Erzählst du wie es in dem Stollen aussieht?

----------


## sun

Hallo! 
War heute schon schwimmen. Jetzt gehe ich gleich frühstücken, also nur mal kurz und dann geht es weiter 
Also so ist der Heilstollen 
Das ist mal der Eingang!    
Das sind die Wagons mit denen man einfährt.      
So ist der Stollen aufgebaut      
Kann mir mal wer helfen, wie geht das mit den miniaturbilder, kann mmir das wer erklären, bevor ich hier weitermache

----------


## Brava

Sieht toll aus!!!!!!!
Mit den Bildern da kann ich dir leider nicht helfen

----------


## sun

Hallo! 
So jetzt mache ich mal weiter.  
So liegt man dann im Stollen     
jch muss am Anfang schon in einen Liegewagen liegen und bleibe dort liegen, bis wir wieder raus kommen. Das heißt ich muß nicht aussteigen einsteigen und so weiter.  
So gefällt es mir recht gut, bin halt ein wenig schwach.  
Essen ist gewaltig hier. Wie heute Abend haben wir gehabt. Serviettencapaccio mit Liptauerterraine und Senfsauce und Brot. Mittag haben wir gehabt. Suppe, Kräuterfisch auf Gemüse und Nudeln und anschließend dann topfencreme oder Schwarzwälder. Gestern hatten wir zum Beispiel Mittag gekochtes Rindfleisch mit Gemüse, Kartoffeln und Blattspinat und Obst, Vorher Suppe Abends Lachstörtchen mit Kräutergervais. Freitag. gebratenes Kabeljaufilet mit Gemüse und weiß ich jetzt nicht mehr, konnte ich nicht essen mir war da so schlecht. Abends gab es dann Lauchzwiebelkuchen mit Salat. Ach Salat gibt es immer am Buffet.  
Essen kann man aus zwei Menüs wählen, wie man will.  
Von den Therapien her geht es auch super hier. Morgen geht erst um 8:30 Uhr los und die letzte habe ich um 14:30 Uhr. Dienstag fahren wir wieder in den Stollen und dann haben wir Lungenfunktionstest.  
Heute war ich um halb acht im Hallenbad bei uns schon schwimmen, das Hallenbad kann man täglich von 7 bis 21 : 00 frei benutzen.  
Vormittag haben wir uns eine Kurkonzert angehört. Salonensemble vom Johann Strauss Orchester in Salzburg, die sind zur Zeit hier in Bad Gastein. Nachmittag waren wir ein wenig wandern, weil Almfest hier ist. Da gibt es ja viele Almen die man schön erreichen kann und die hatten heute alle ein Fest überall war was los. Aber jetzt bin ich ziemlich geschafft und werde wohl heute schon bald schlafen gehen. 
Also langweilig wird mir hier nicht, kennen gelernt habe ich auch schon viele. Viele kennen mich halt schon und ichsie noch nicht so. Da es einfach zu viele Leute auf einmal sind.

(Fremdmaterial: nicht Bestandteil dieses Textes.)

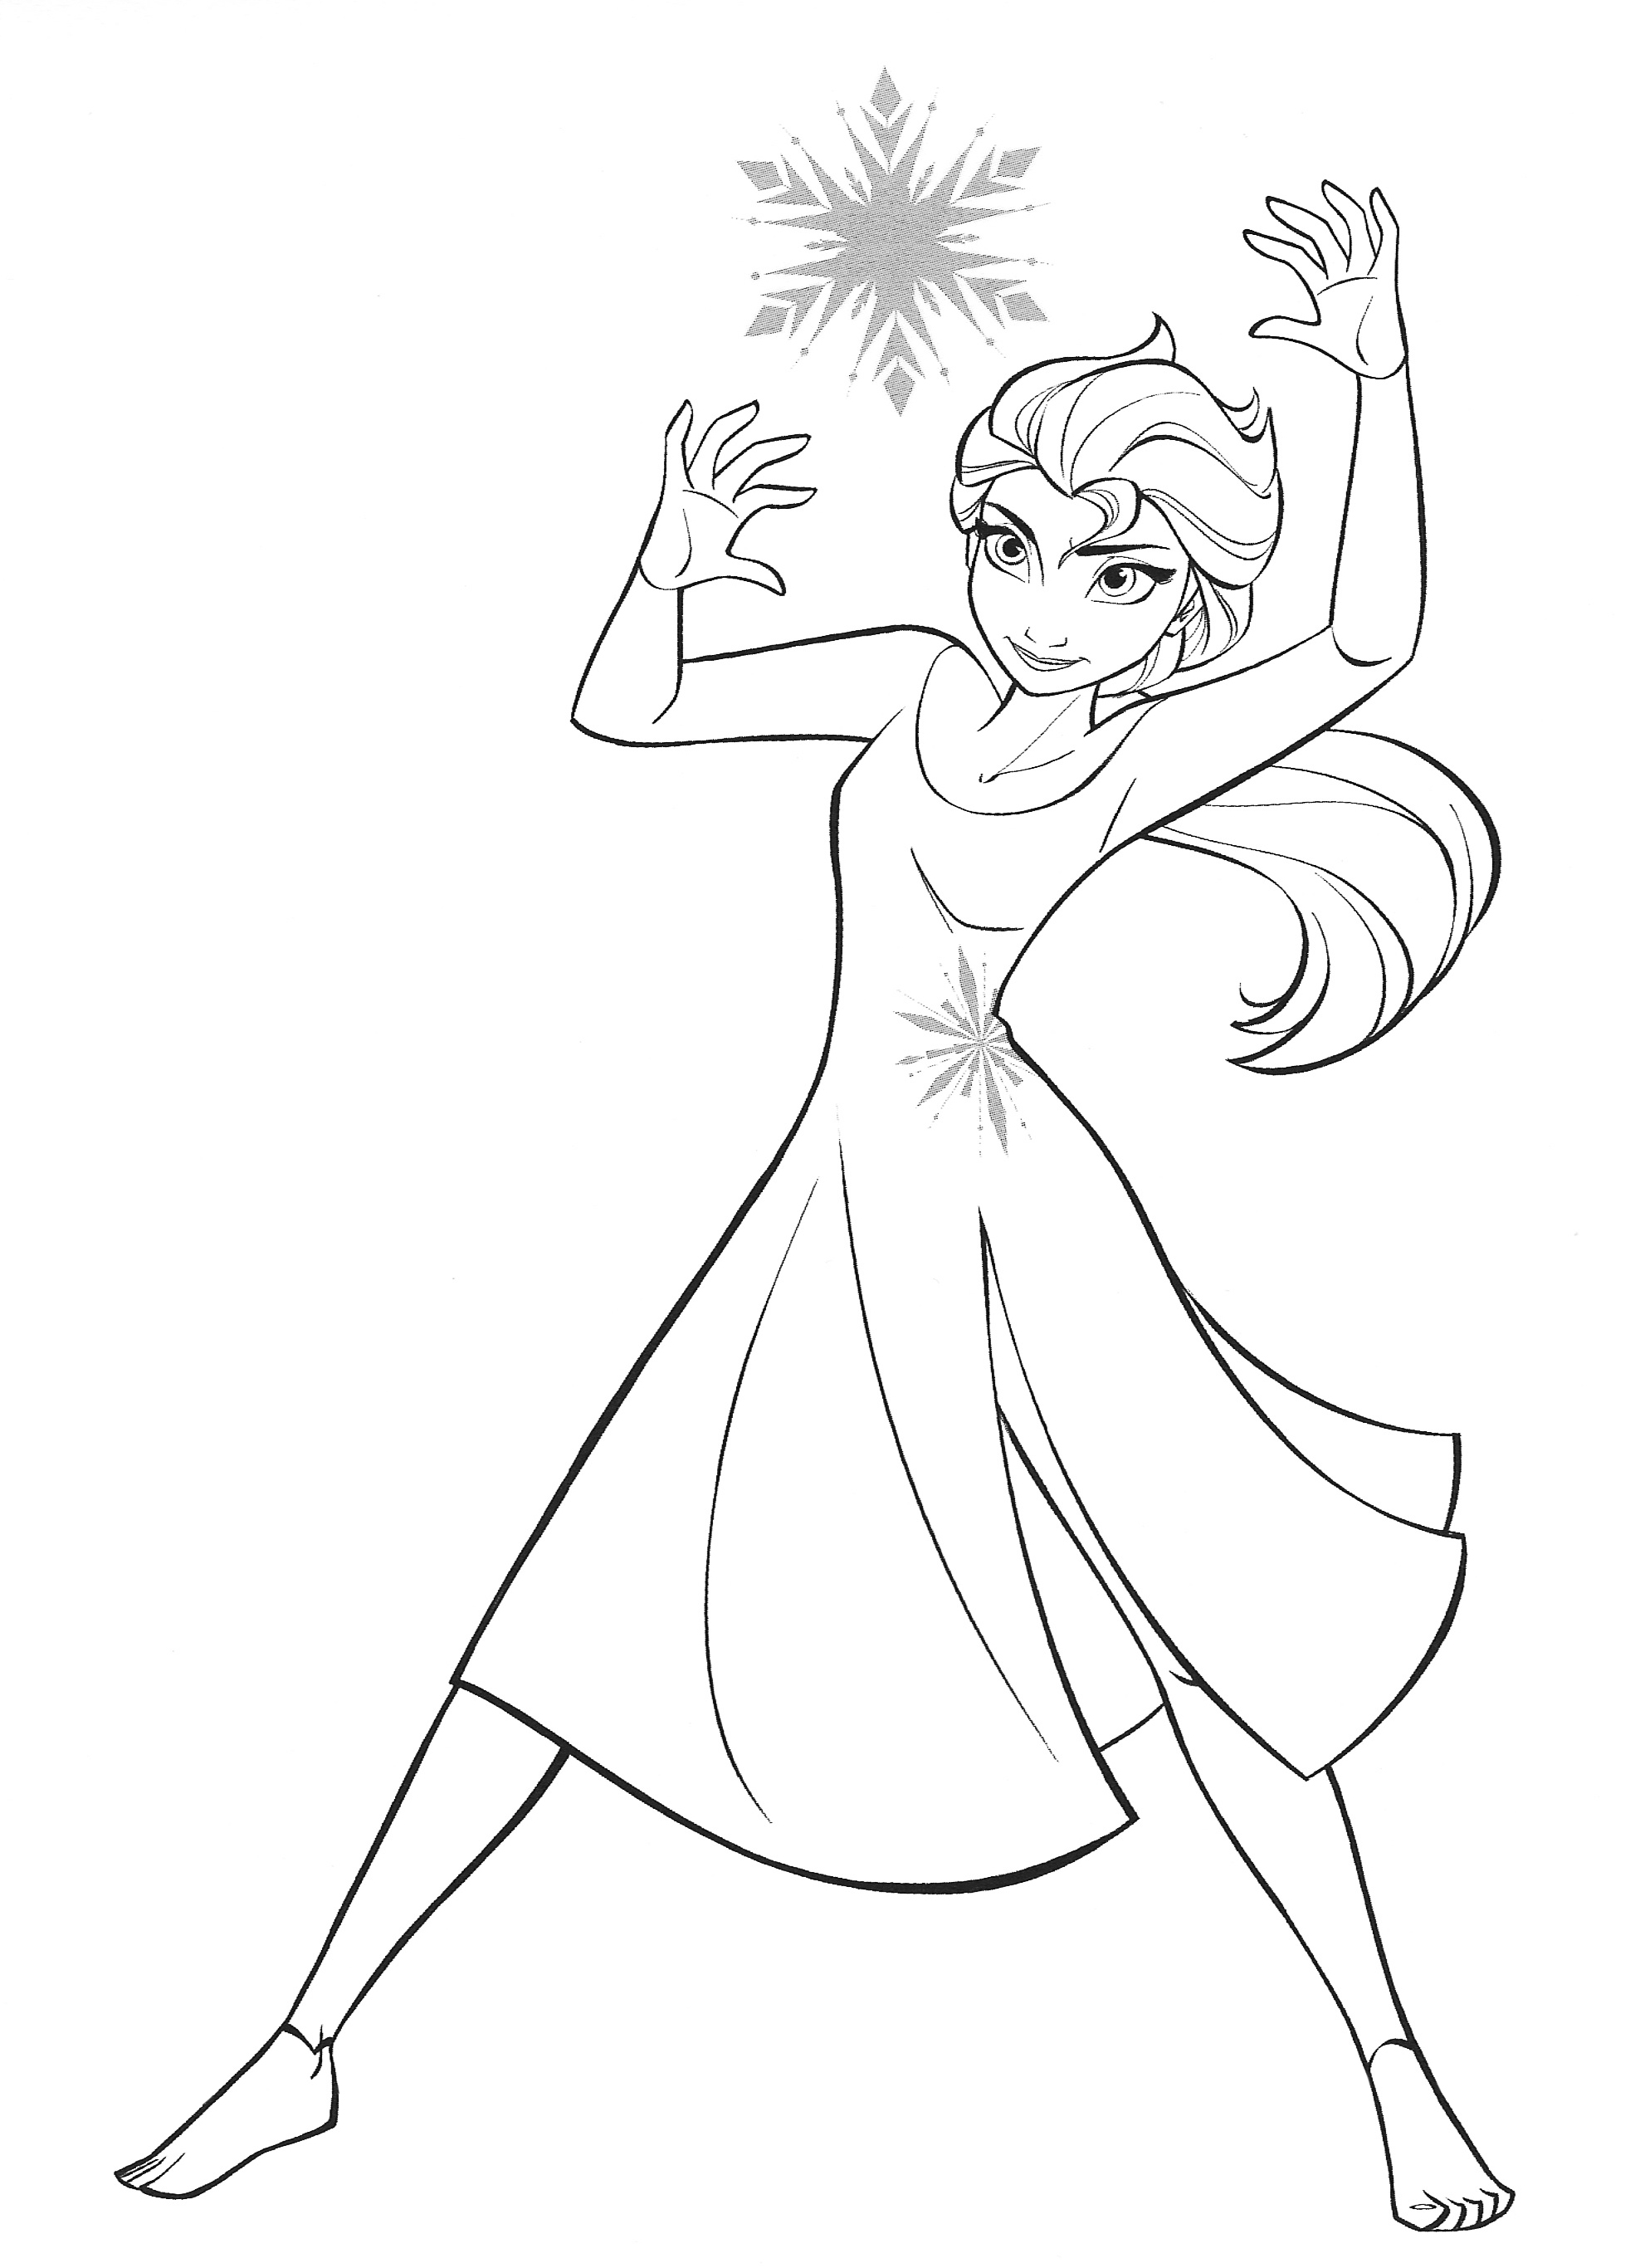 New Frozen 20 coloring pages with Elsa   YouLoveIt.com

Wenn man im Zentrum ist, na seit ihr auch hier und habt ihr euch beim Essen abgemeldet und bla bla bla und ich dann immer ja ja und hallo, dann als ich sie im Hotel wieder sah, dachte ich mir ah daher kennst du die 
Das kücken bin ich natürlich wieder hier

----------


## Brava

Sieht ja wirklich gut aus!!!!!!!
Ist doch toll ,das du so beschäftigt bist
So kommst du auf andere Gedanken

----------


## sun

Hallo zusammen! 
Die Kur hat mir bis vor ein paar Tagen wirklich gut getan. Und ich hoffe das die wirkliche Wirkung erst kommt. Die kommt ja erst danach.  
Habe leider eine schlechte Nachricht und bin sehr trauig darüber.  
Meine Kurz wurde mit heute abgebrochen!!!!!!! Wegen medzinischen Gründen,w eil es mir so schlecht geht.

----------


## Patientenschubser

Wie weil es mir sooo schlecht geht... 
Ging es den bisher immer weiter Berg ab?  
Erzähl mal (wenn du möchstest!)

----------


## sun

Hallo! 
Ja es geht mir nicht gut. Nein es ging mir zwischenzeitlich wieder besser. 
Aber seit Sonntag habe ich eine ordentliche Reaktion. Schmerzen starke Schmerzen. Muß mich ständig übergeben, das haben sie hier mit bekommen, habe dann Spritzen bekommen. Leider geht es noch nicht viel besser und die sind der Meinung das ich Infusionen brauche und die kann ich hier nicht bekommen.

----------


## Frosch

Ach Sun, das tut mir so leid für Dich. Mußt Du denn jetzt nach Hause fahren? 
Drücke die Daumen, daß es vielleicht morgen doch besser ist und Du bleiben kannst! 
Kopf hoch!  :s_thumbup:  
Das Fröschli

----------


## Patientenschubser

Und wenn du denkst es geht nicht kommt von Irgendwo ein Lichtlein her...

----------


## Brava

Oh sun das tut mir so leid

----------


## sun

Hallo" 
Danke Schubser das kann ich gut gebrauchen.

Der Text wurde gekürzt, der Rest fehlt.